6.4 Internet Security Limitations

Although we apply best security practices, the Internet is not completely safe. No security system is 100% secure. You should:

• Use safe computer systems and phones with firewalls
• Keep passwords secret and do not share
• Update software and operating systems regularly
• Avoid using unsecured public WiFi networks
• Log out after using your account

6.5 Security Incidents

If a security incident occurs (data breach, cyberattack), we will:

• Investigate and assess the severity
• Notify affected users within 15 days
• Notify relevant authorities as required by law
• Implement corrective measures to prevent recurrence

7.1 Marketing Emails

We may send marketing emails about new products and services. You have the right to opt out at any time by:

• Clicking the "Unsubscribe" link in the email
• Sending a request to support@vebanahill.vn
• Contacting us directly by phone

7.2 Personalized Advertising

We use behavioral data (cookies, pixel tracking) to provide personalized ads on social networks (Facebook, Google, TikTok) and other websites. You have the right to:

• Disable personalized ads through browser settings
• Use opt-out tools from Facebook and Google
• Request not to receive personalized ads

7.3 SMS and Message Advertising

We may send SMS or message advertising with your consent. You have the right to opt out at any time.

8.1 Basic Rights

You have the following rights under law:

• Right to Know: Be informed about data being processed
• Right to Consent: Refuse or withdraw consent at any time
• Right to Access: Access and view all your personal data
• Right to Correct: Request correction of inaccurate data
• Right to Delete: Request deletion of unnecessary data
• Right to Restrict: Restrict data processing in certain cases
• Right to Data Portability: Receive data in structured, portable format
• Right to Object: Object to data processing for marketing purposes
• Right to Complain: File complaints with authorities about violations
• Right to Compensation: Claim compensation for damages

8.2 How to Exercise Your Rights

You can exercise these rights through:

We will process your request within 7-15 business days (or as required by law).

8.3 Written Requests

You have the right to send written requests (letter, email) to exercise these rights. Your request must include:

• Your full name and address
• Detailed description of your request
• Copy of your ID card/passport (for verification)
• Your signature or fingerprint (for written documents)
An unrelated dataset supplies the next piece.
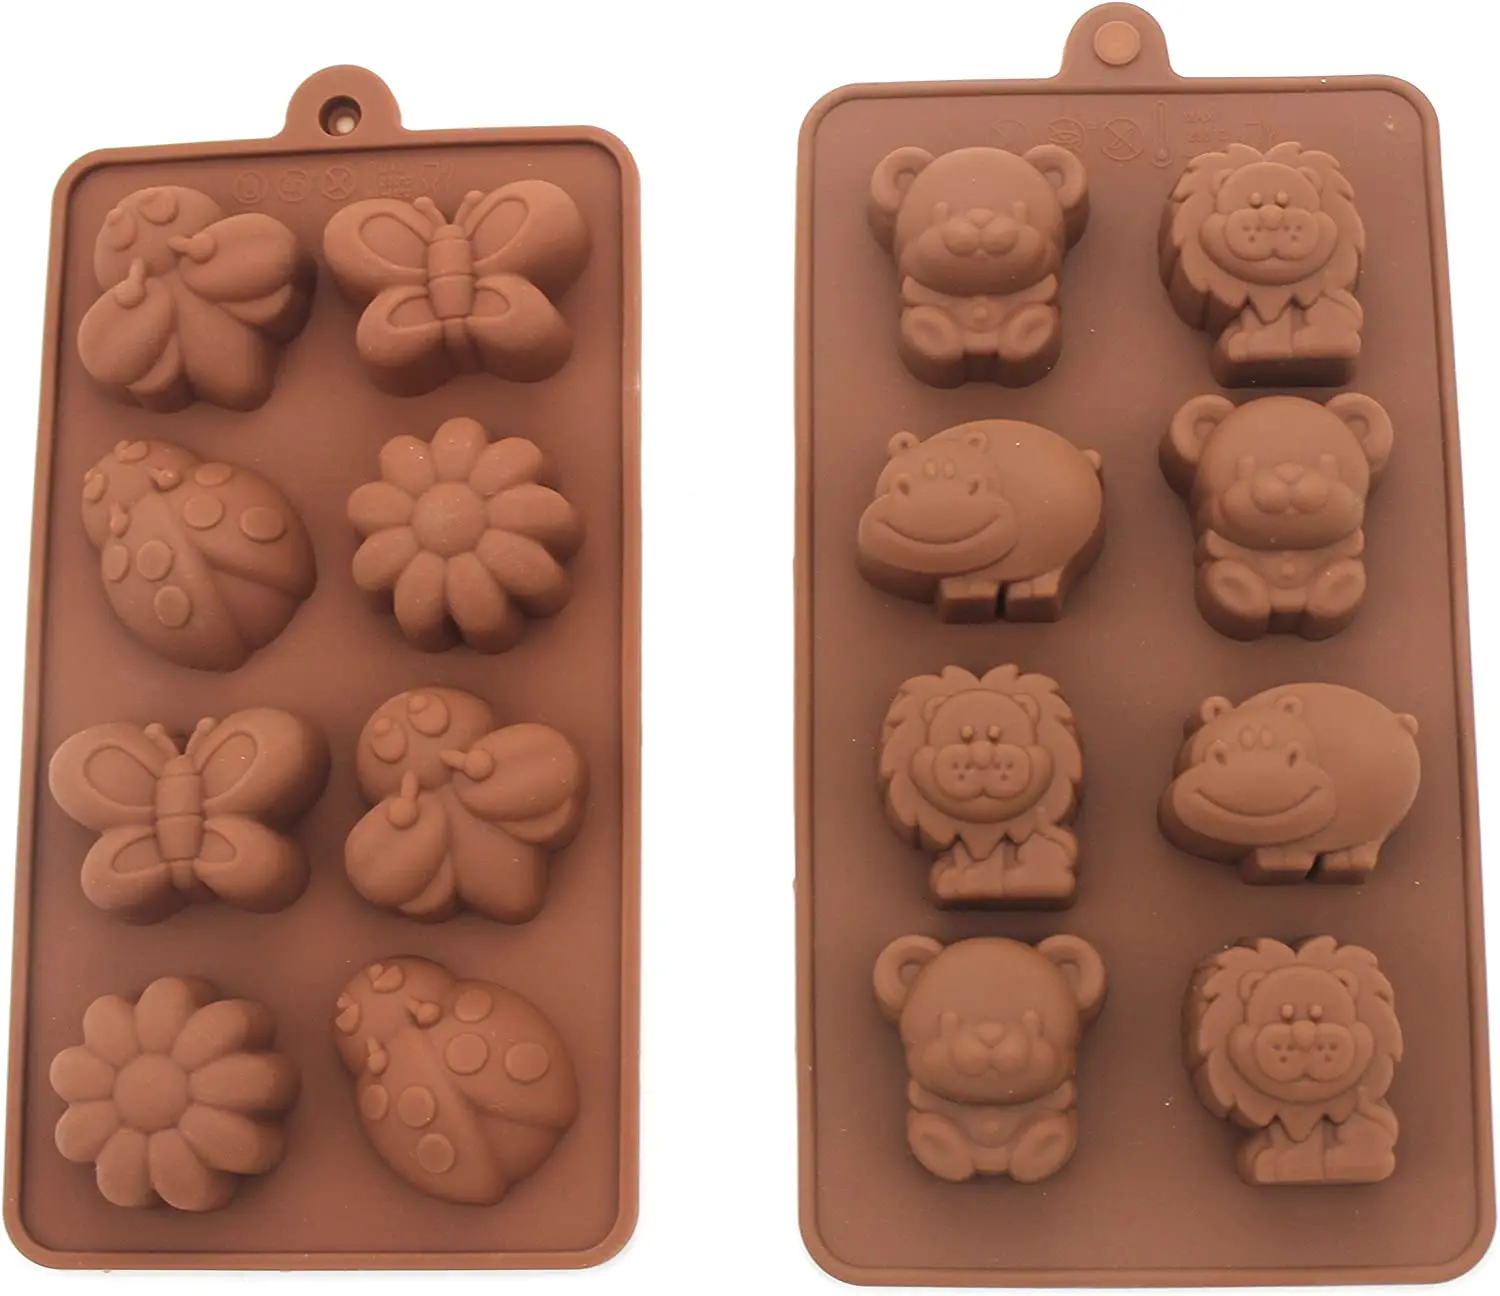 

2Pcs Silicone Chocolate Mold,Vehicles And Animal Shapes Mold For Making Chocolate, Waffle, Candy, Cookies

8.4 Complaint Mechanism for Misuse of Personal Data

You have the right to complain if your personal data is misused or processed beyond the disclosed scope. We are committed to receiving, considering and resolving complaints fairly and promptly.
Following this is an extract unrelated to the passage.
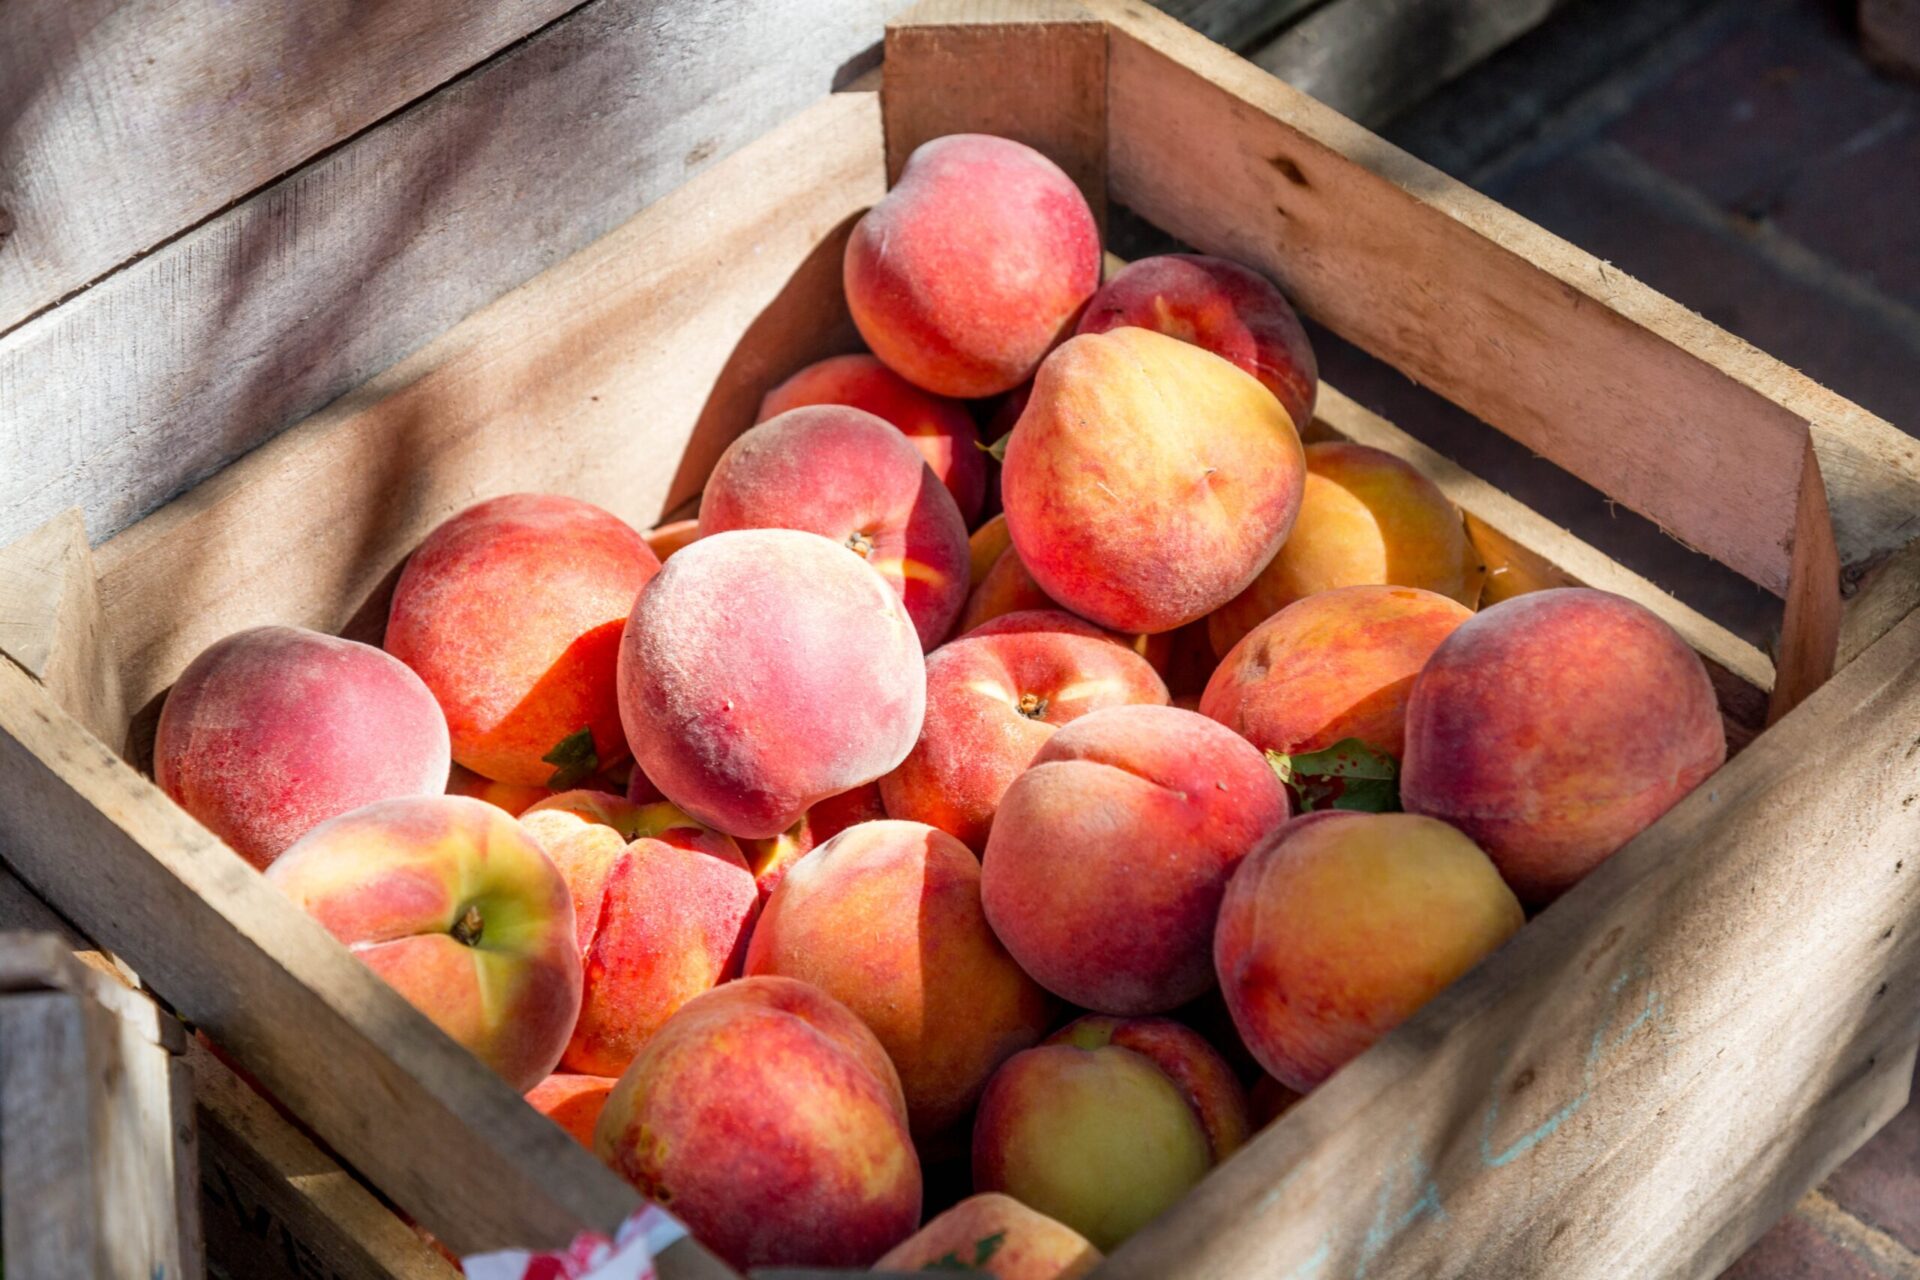 A wooden crate filled with peaches sit in dappled sunlight.

Note: Complaints must be submitted within 12 months of discovery. Late complaints may not be considered.

11.1 Minors

If you are under 18 years old, you must obtain explicit written consent from your parent or legal guardian before entering into contracts or transactions with us. Parents/guardians are legally responsible for minors' transactions.

11.2 Policy Changes

We have the right to change, add or modify this Policy at any time. Changes will be posted on our website or directly notified to you via email. Continued use of services after changes means you agree to them. Please review this Policy regularly for updates.

11.3 Acknowledgment of Agreement

By using our services, you acknowledge that you have read, understood, accepted and agreed with the entire contents of this Personal Data Protection Policy.

11.4 Governing Law and Dispute Resolution

This Policy is governed and interpreted under Vietnamese law. If disputes arise, both parties agree to negotiate and resolve. If no agreement is reached within 3 months of dispute, either party may request court resolution by the competent People's Court.